Siempre que alguien está bien de salud o progresa en la vida, la gente dice que tiene suerte. Como si estos derechos fueran privilegios que el Amor divino otorga tan solo a unos pocos. Pero Dios creó a todos Sus hijos con los mismos derechos de gozar de buena salud y de tener una vida digna.

Es el entendimiento de nuestra relación inalterable con el Espíritu lo que abre el camino para que reclamemos estos derechos y nos libremos de las limitaciones y sufrimientos que nos impone el pensamiento mortal, con sus falsas creencias en el pecado y la enfermedad. Dios nos ha dado el derecho de rebelarnos contra todas las creencias falsas y contemplar nuestra vida diaria desde una perspectiva espiritual.
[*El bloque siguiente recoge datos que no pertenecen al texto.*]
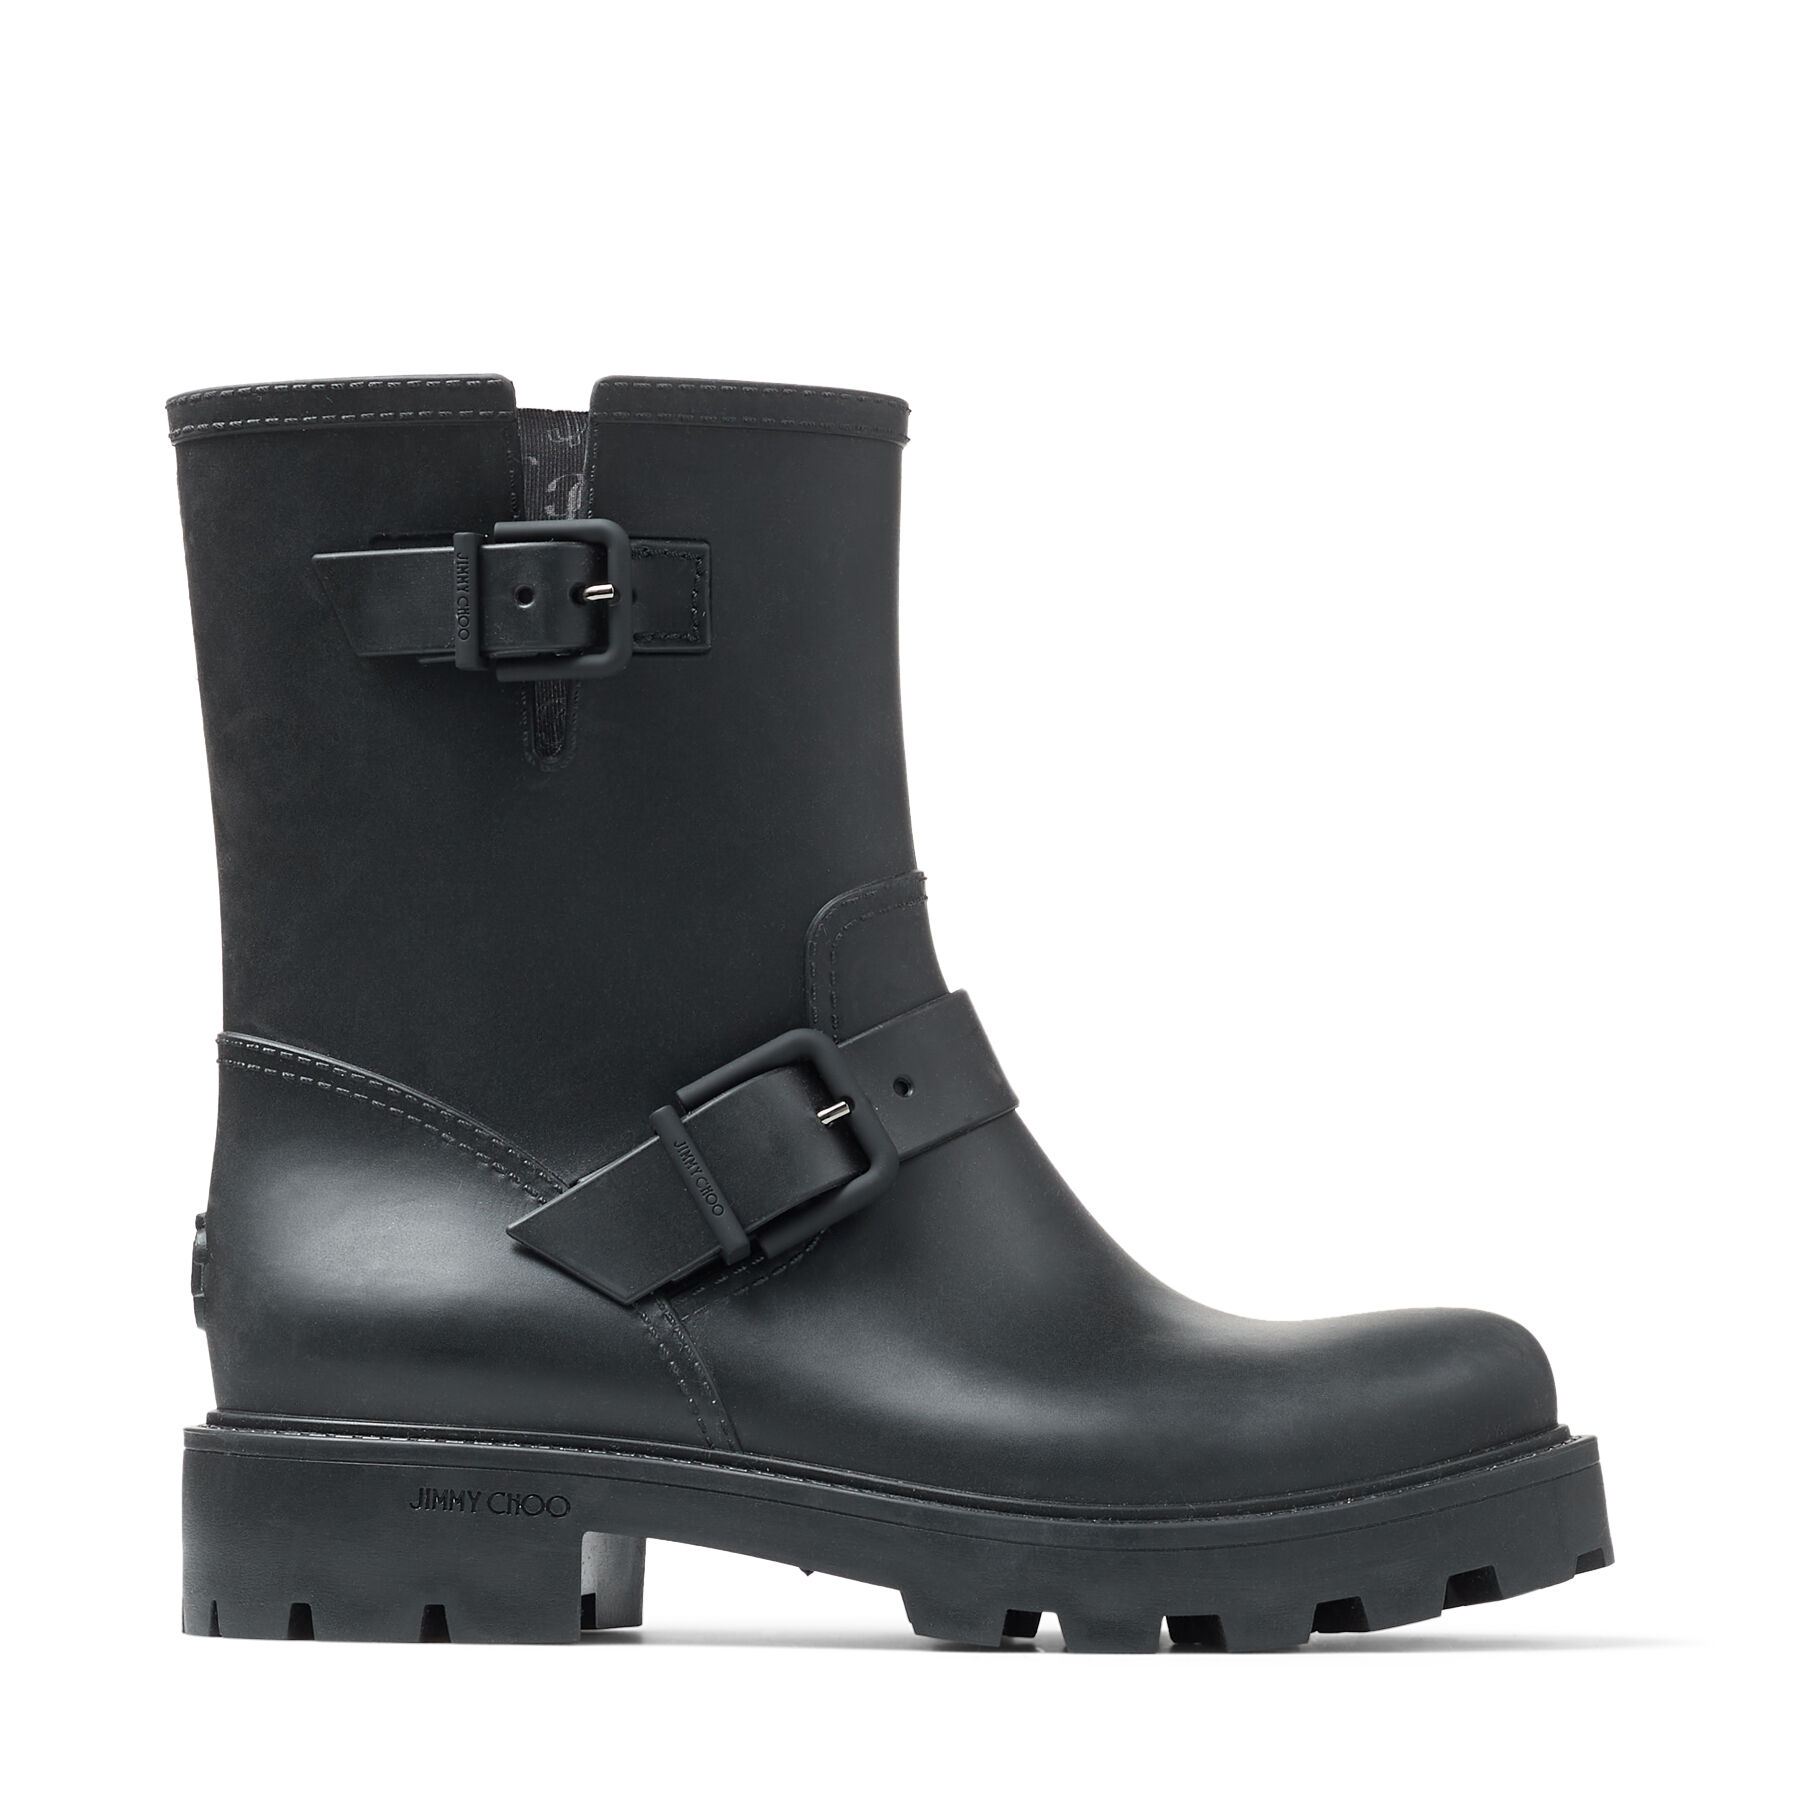 Black Biodegradable Rubber Rain Boots | YAEL FLAT | Winter 2021

Pienso que tendríamos que recurrir siempre al “derecho” que Dios nos ha dado de oponernos enérgicamente a todo pensamiento que nos quiera convencer de que el mal, cualquiera sea su forma, está en control de nuestra vida o es más poderoso que Dios. 

Podemos incluso extender esta enérgica protesta para contribuir a solucionar los males que en tanta diversidad de formas aquejan a la humanidad. La tecnología moderna ha puesto “al resto del mundo” en la esquina de nuestra casa. Las personas que sufren agresión e injusticia, tornados e inundaciones, pobreza y enfermedad, son nuestros vecinos. Y nosotros podemos hacer algo para ayudarlos. Podemos orar y cambiar esos cuadros de destrucción, pobreza e injusticia social en nuestra propia consciencia.

Quizás pienses: “¿Pero qué pueden hacer mi oración y mi pensamiento ante problemas de tal magnitud?” Y la respuesta es: “Mucho”. Imagínate si todos oráramos reconociendo la presencia y el poder infinitos de Dios; si tuviéramos la certeza absoluta de que el Principio divino está gobernando nuestra vida y la de todos los demás con armonía, justicia y paz. Cambiaríamos el mundo.